Acercarnos a la costa nos trajo la primera sensación clara de que estábamos más cerca del mar. Si bien todavía teníamos frente a nosotros al Río de la Plata, había algo en el sonido, en la forma en cómo rompían las olas, que nos decía que íbamos por buen camino. Subimos al faro, que en la entrada tenía una clara advertencia sobre lo bajas que eran las puertas e instaba al visitante a ser cuidadoso.
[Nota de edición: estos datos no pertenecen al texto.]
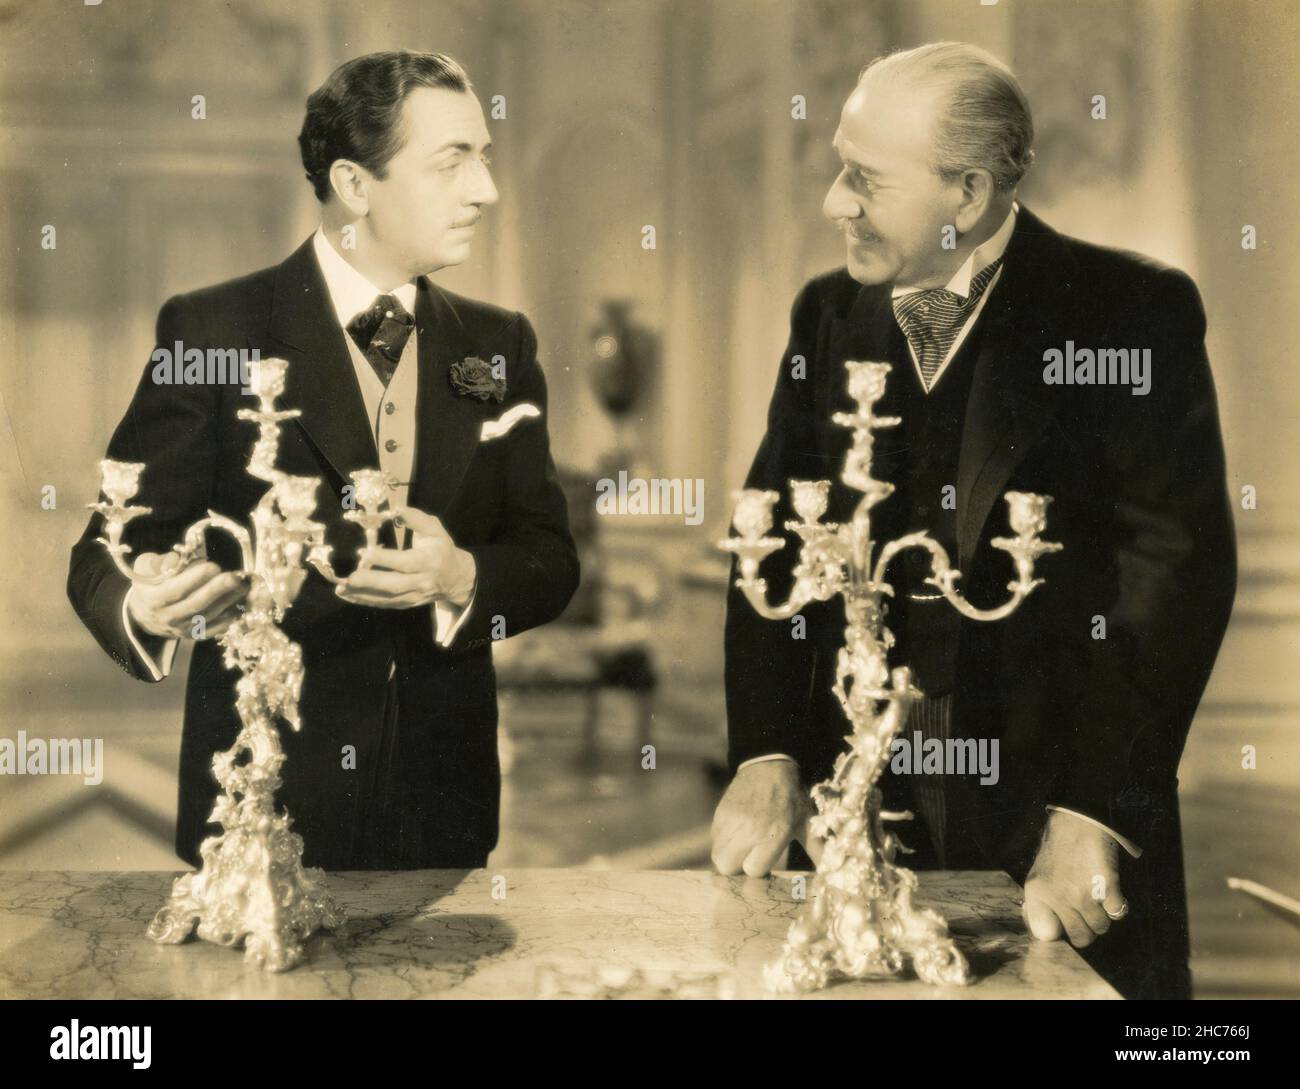 Attori americani William Powell e Henry Stephenson nel film The Emperor's Candlesticks, USA 1937 Foto Stock

Fue Pablo el que me avisó del cartel y, fiel a la Ley de Murphy, eso no impidió que se diera un buen golpe cuando llegamos arriba y salimos a disfrutar de la vista. No es un faro muy alto, pero lo suficiente para poder admirar todo el barrio colonial y la inmensidad del río. Seguimos caminando y pasamos por más callecitas con faroles, muros viejísimos, casas con muchas flores. Y por una costanera que tiene un balcón discreto pero constante a lo largo de toda la costa.

oteando el horizonte

Cuando nuestras piernas y el calor nos pedían un descanso, insistí en tomar un helado. Gran error. Los helados no son el fuerte uruguayo pero además en Colonia parece ser que son el “débil”. Una cosa tan fea, sin gusto, derretido, sin consistencia. Y caro. Lo terminamos igual, con la resignación del visitante no advertido sobre los “in” y “out” de Colonia, y seguimos nuestro camino. Para entonces ya estábamos bastante agotados, teníamos encima las horas de viaje, el cansancio de cargar las mochilas, el calor. Decidimos buscar algo para comer y volver al hostel. En el camino pudimos presenciar un evento que llenaba las veredas y cortaba la avenida principal: por la avenida del Gral. Flores se estaba llevando a cabo una carrera de cartings (piloteados por jóvenes de unos 13 años según decía el locutor) que iban a gran velocidad, pasando a escasa distancia del público que miraba el espectáculo desde la vereda. No había vallas, ni neumáticos que amortiguaran un posible despiste y el ruido de los autitos sumado a las vociferaciones del locutor que desparramaba sus alaridos a lo largo de la avenida gracias a un prolijo dispositivo de altoparlantes distribuidos en todas las cuadras, hacían que caminar por ahí fuera insoportable. Conseguidos nuestros víveres, huimos bajando por una calle lateral. Apenas una cuadra más abajo, nada de ese batifondo existía. Llegamos al hostel, cenamos y nos dormimos tempranito, exhaustos.

. Domingo 1 de febrero

Ya descansados y desayunados, decidimos aprovechar los 45 minutos que nos quedaban antes de tomar el colectivo hacia Montevideo. Fuimos a caminar por la costanera, por una zona que no habíamos transitado todavía. No hubo sorpresas ni vistas impresionantes, pero sí un reconfortante silencio general, una serena quietud de una ciudad que aún no había despertado del todo. Volvimos al Hostel, cargamos nuestros bolsos y partimos hacia la terminal donde tomaríamos el micro que nos llevaría a la capital en sólo dos horas de viaje.